Accordingly, the order of the trial court is affirmed.


AND NOW, this 4th day of September, 2013, the order of the Court of Common Pleas of Montgomery County, dated December 31, 2012, at No. 2010–30303, is affirmed.


1.  That section provides, in relevant part:(a) At least thirty (30) days prior to any scheduled sale the bureau shall give notice thereof, not less than once in two (2) newspapers of general circulation in the county, if so many are published therein, and once in the legal journal, if any, designated by the court for the publication of legal notices. Such notice shall set forth (1) the purposes of such sale, (2) the time of such sale, (3) the place of such sale, (4) the terms of the sale including the approximate upset price, (5) the descriptions of the properties to be sold as stated in the claims entered and the name of the owner.* * *(e) In addition to such publications, similar notice of the sale shall also be given by the bureau as follows:(1) At least thirty (30) days before the date of sale, by United States certified mail, restricted delivery, return receipt requested, postage prepaid, to each owner as defined in this act.* * *(3) Each property scheduled for sale shall be posted at least ten (10) days prior to sale.

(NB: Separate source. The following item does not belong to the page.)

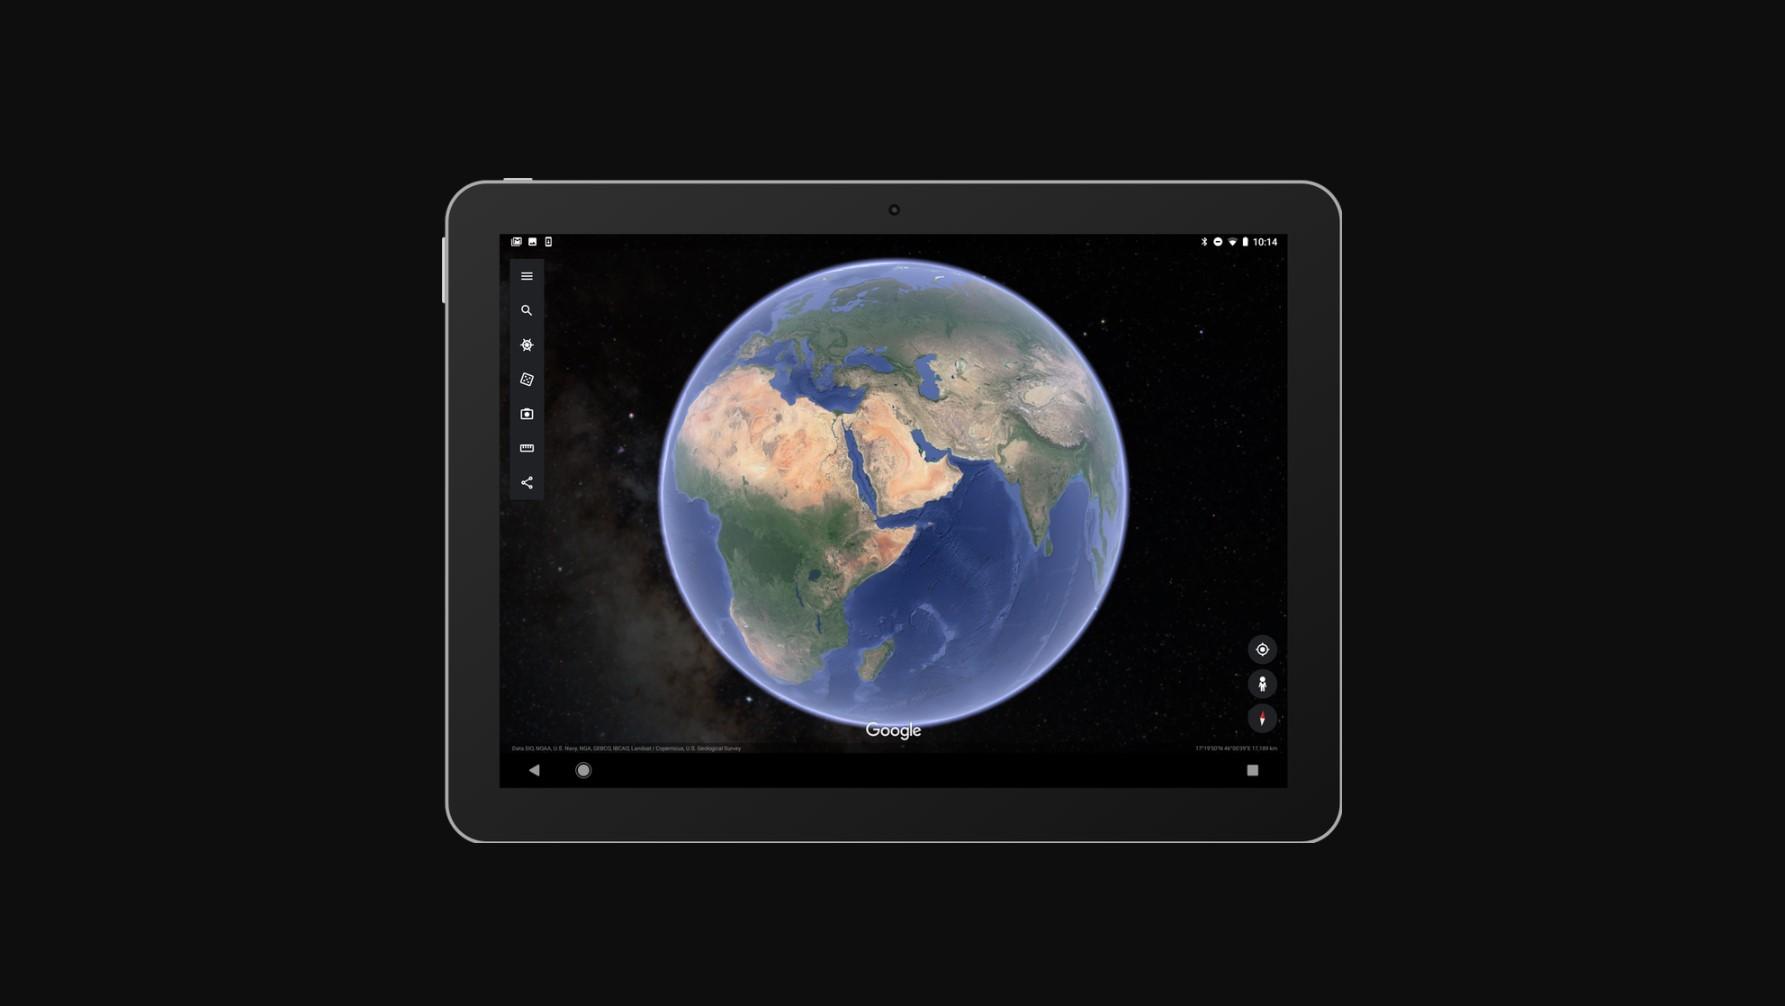 Google Earth nově s hvězdami, ale jen jako pozadí

2.  The Barylaks do not dispute that they had actual notice of the tax sale.

3.  Our scope of review in a tax sale case is limited to determining whether the trial court abused its discretion, rendered a decision without supporting evidence, or erred as a matter of law. In re York County Tax Claim Bureau, 3 A.3d 765, 767 n.3 (Pa.Cmwlth.2010).

4.  That section, relating to the effect of official records generally, provides:(a) General rule.—A copy of a record of governmental action or inaction authenticated « ․ shall be admissible as evidence that the governmental action or inaction disclosed therein was in fact taken or omitted.

5.  Those cases indicate that an affidavit of posting creates a “presumption” that notice was properly posted. However, such an affidavit does not create a “presumption,” which indicates burden shifting, but, rather, is substantive evidence.

6.  With respect to the Barylaks' argument that the affidavit of posting, alone, was not sufficient to establish compliance with the Law's posting requirements, this Court specifically rejected that argument in Thomas, 553 A.2d at 1046 (holding that the Bureau was not required to provide physical evidence of the posting, only affidavit of the posting itself).